Skip the pictures. Quote every line below, exactly, from the one with "Cucciolo Grigio Di" through the final line.

# [Provided material]
↓↓↓

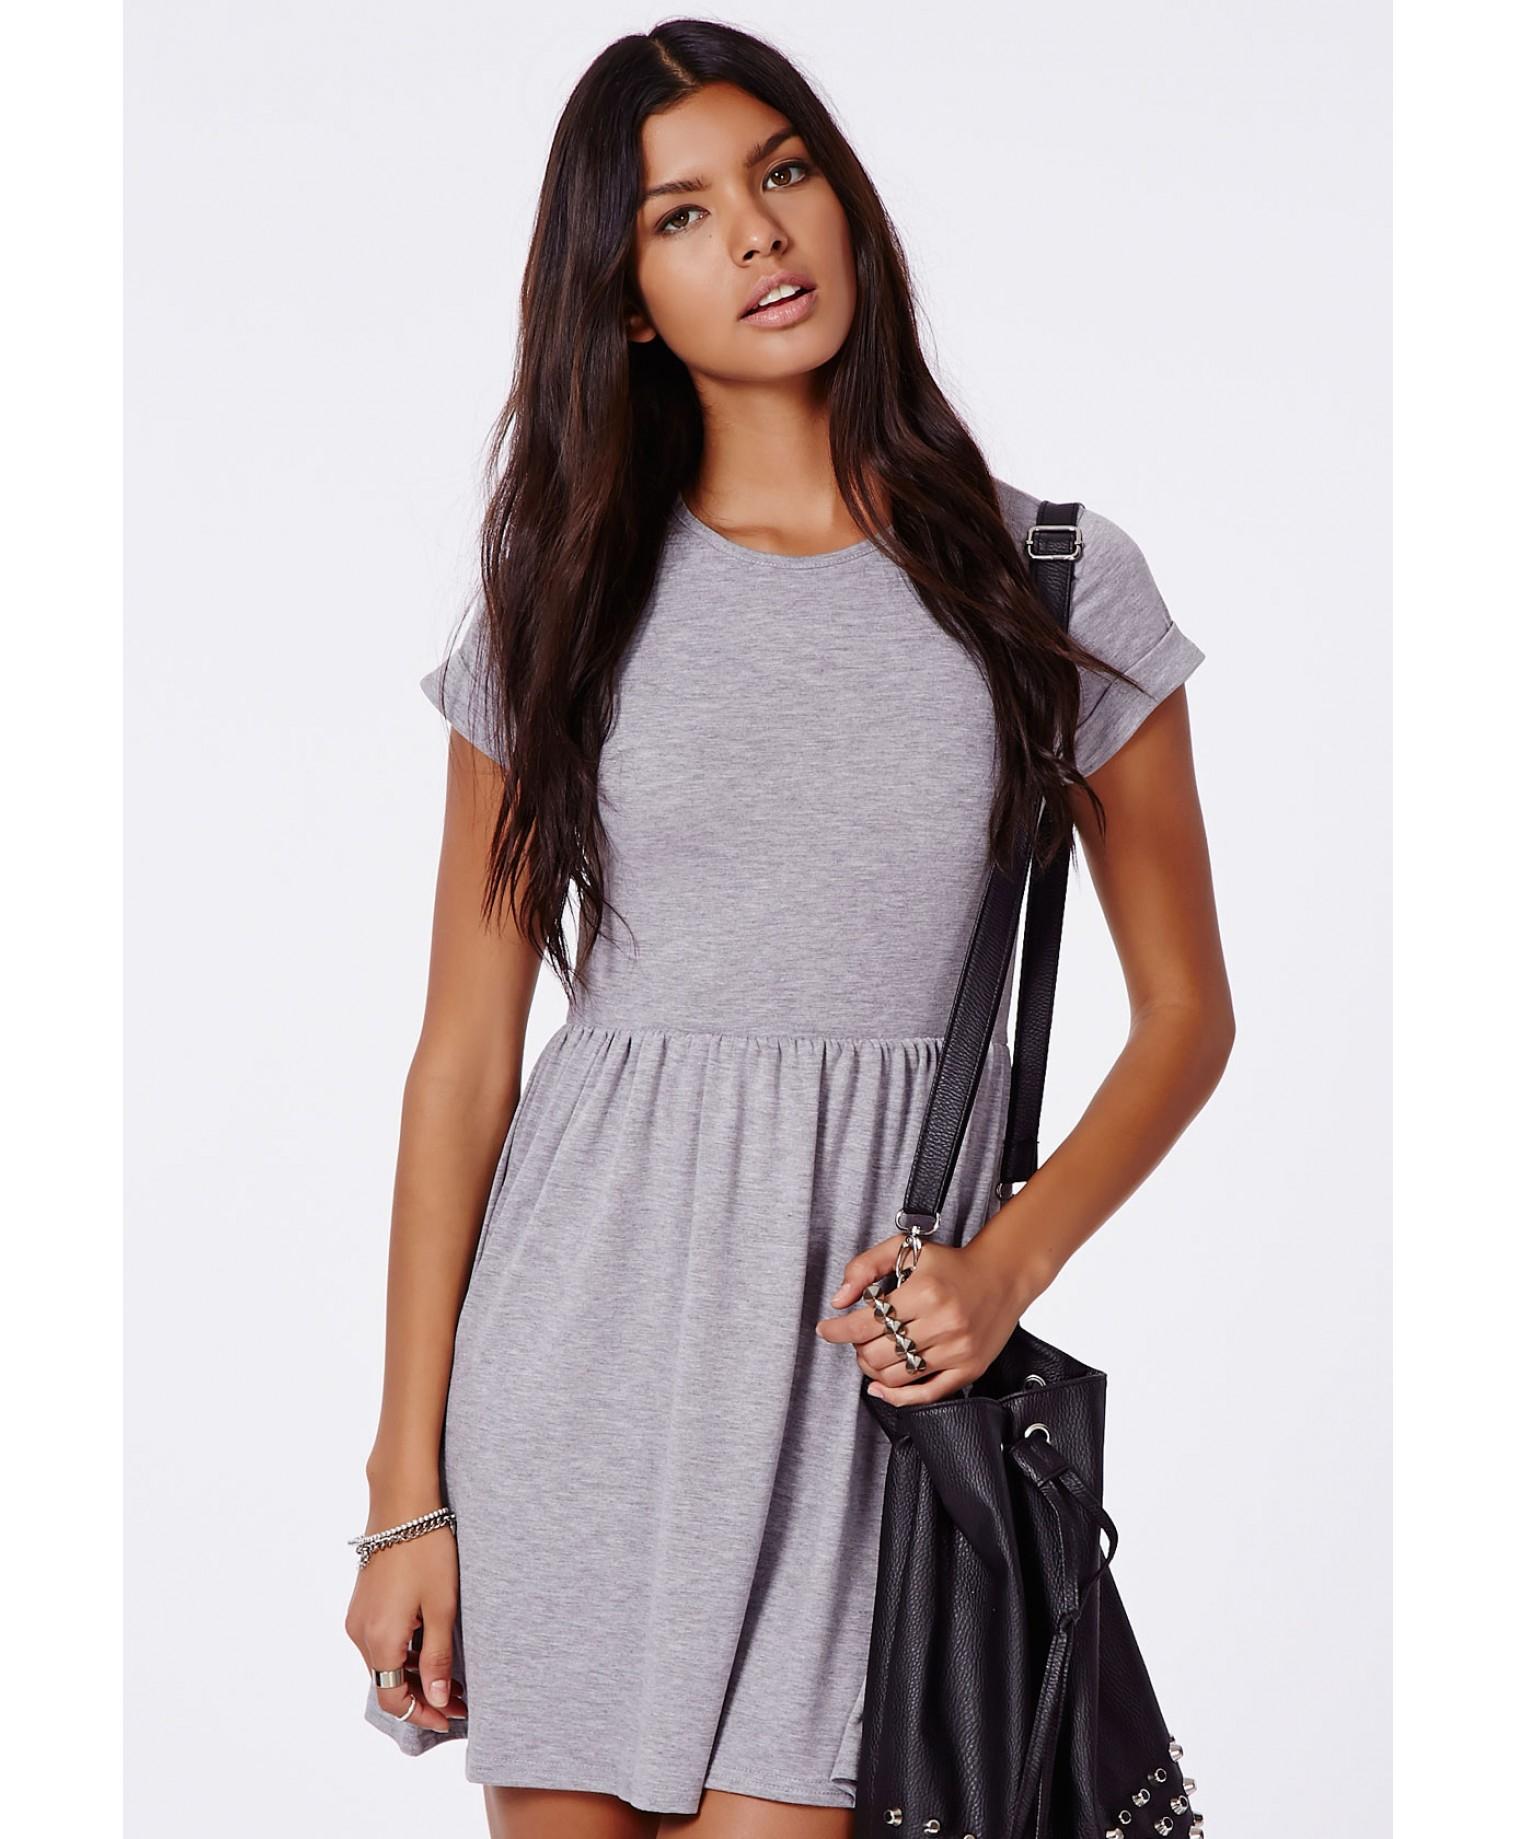 437307bb611d Lyst - Missguided Aliveta T-Shirt Skater Dress in Gray
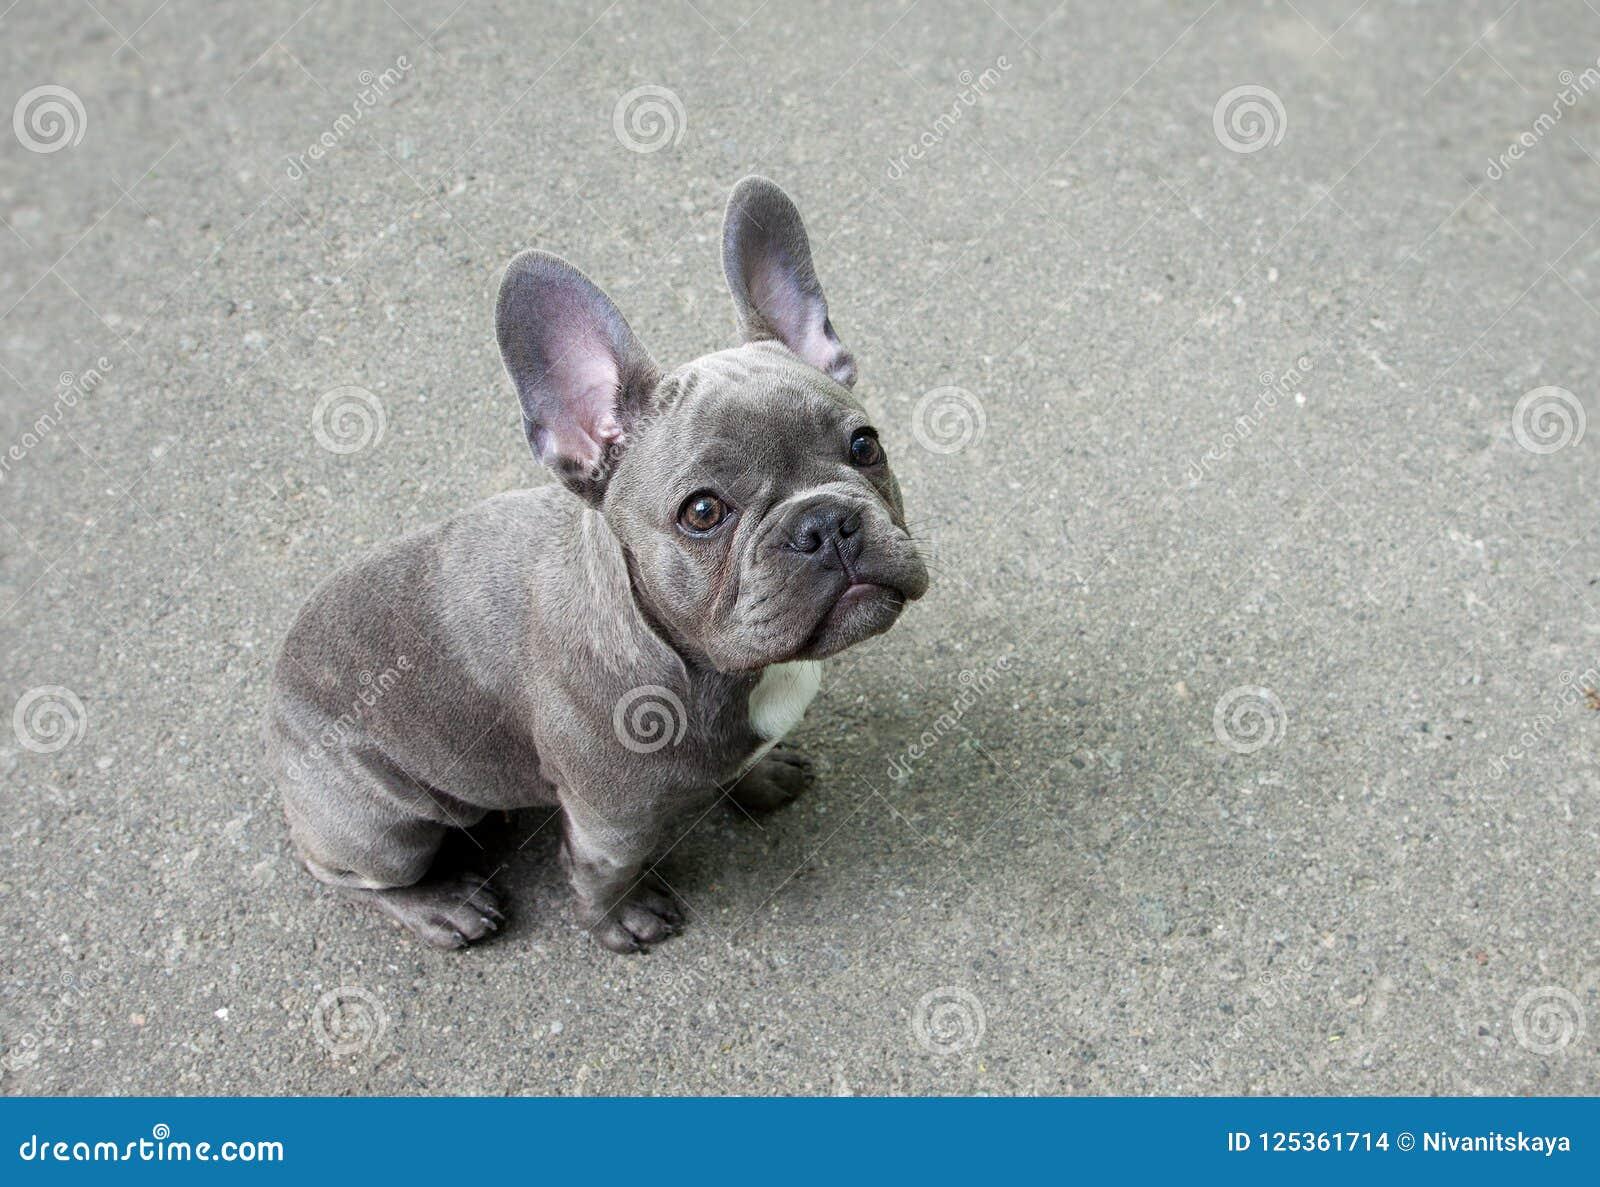 Cucciolo Grigio Di Un Bulldog Francese Su Un Fondo Grigio Piccolo
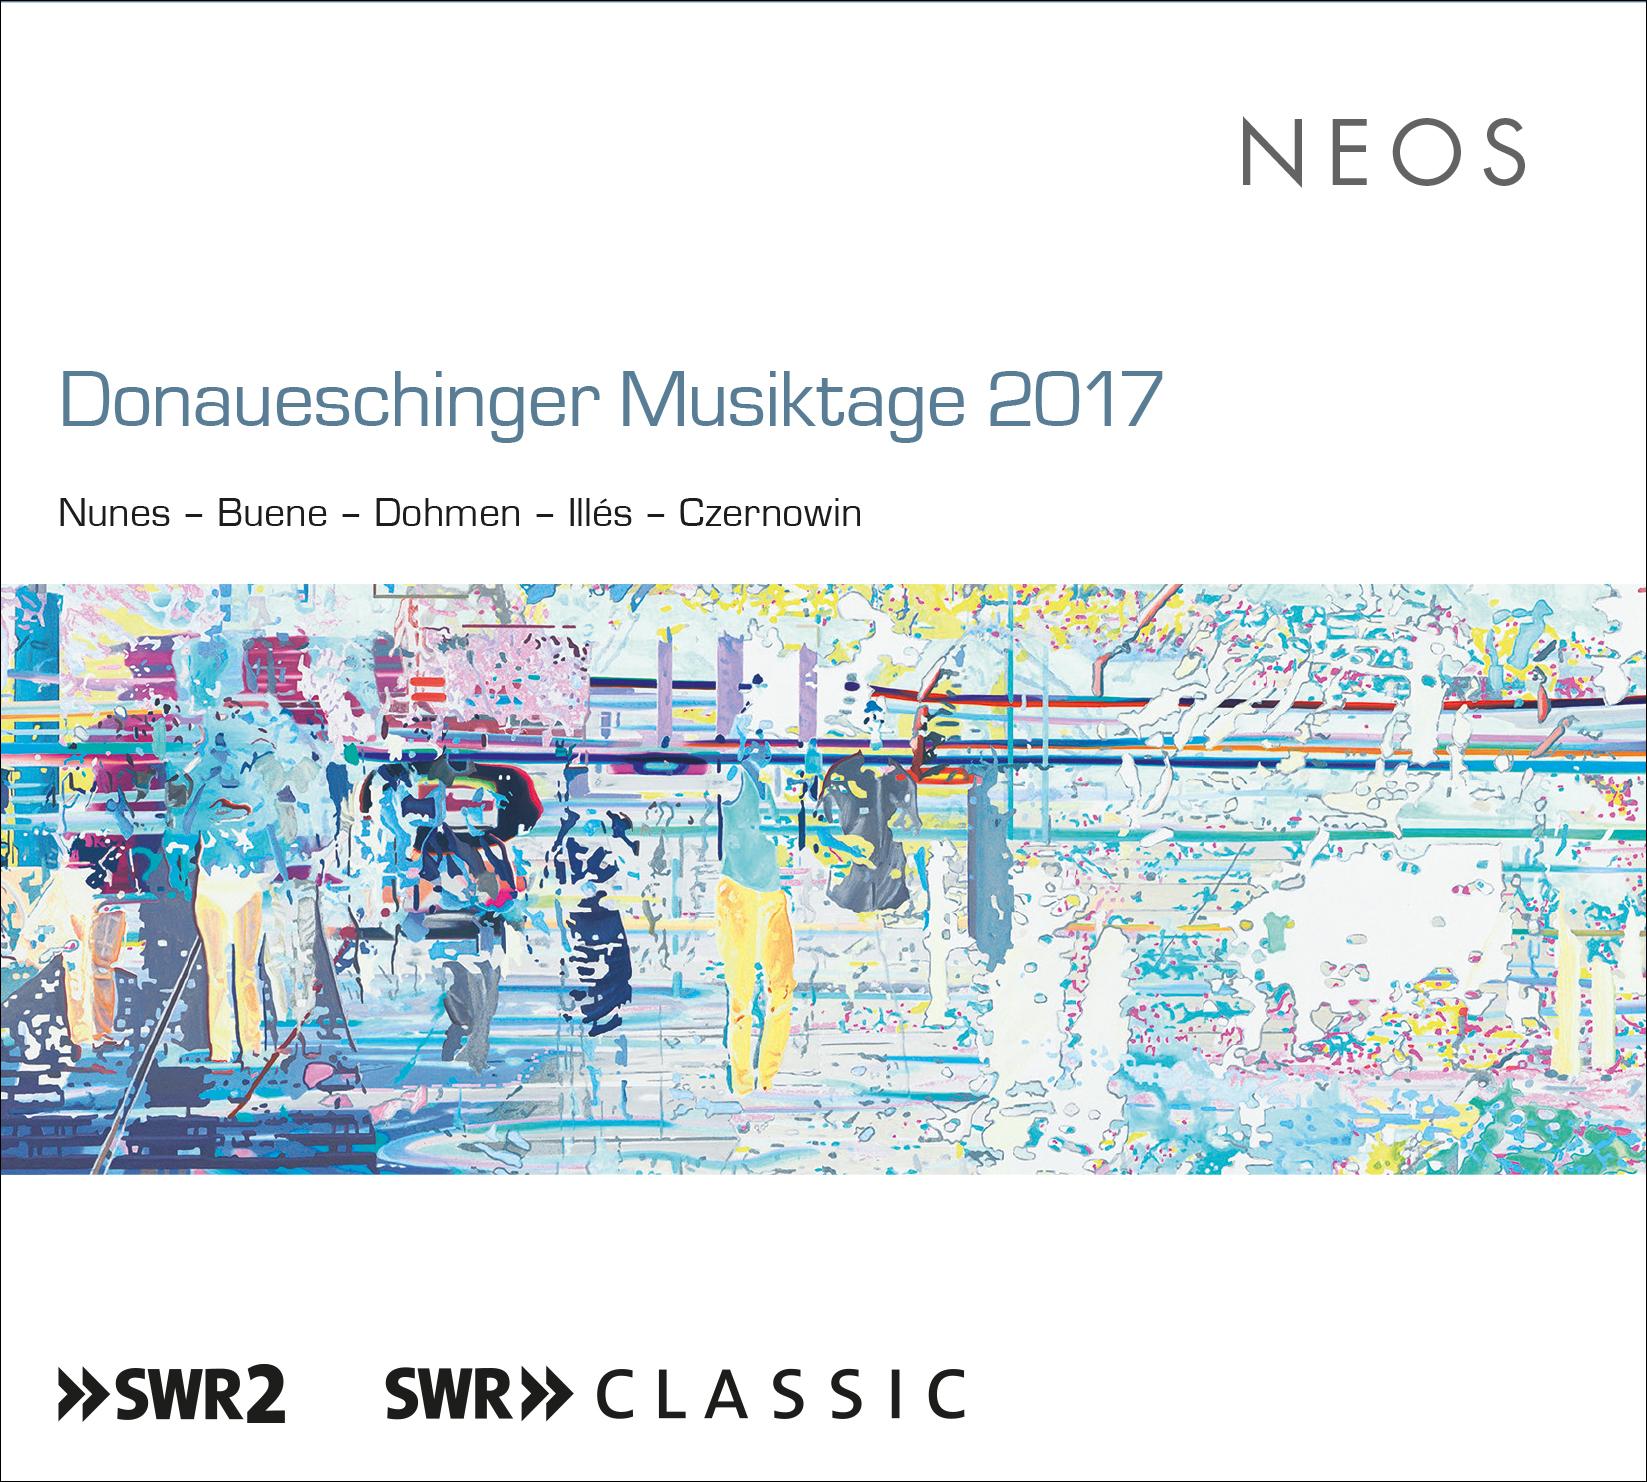 NEOS-Donaueschinger-Musiktage-2017.jpg

↑↑↑

# [Exercise answer]
 Cucciolo Grigio Di Un Bulldog Francese Su Un Fondo Grigio Piccolo
 NEOS-Donaueschinger-Musiktage-2017.jpg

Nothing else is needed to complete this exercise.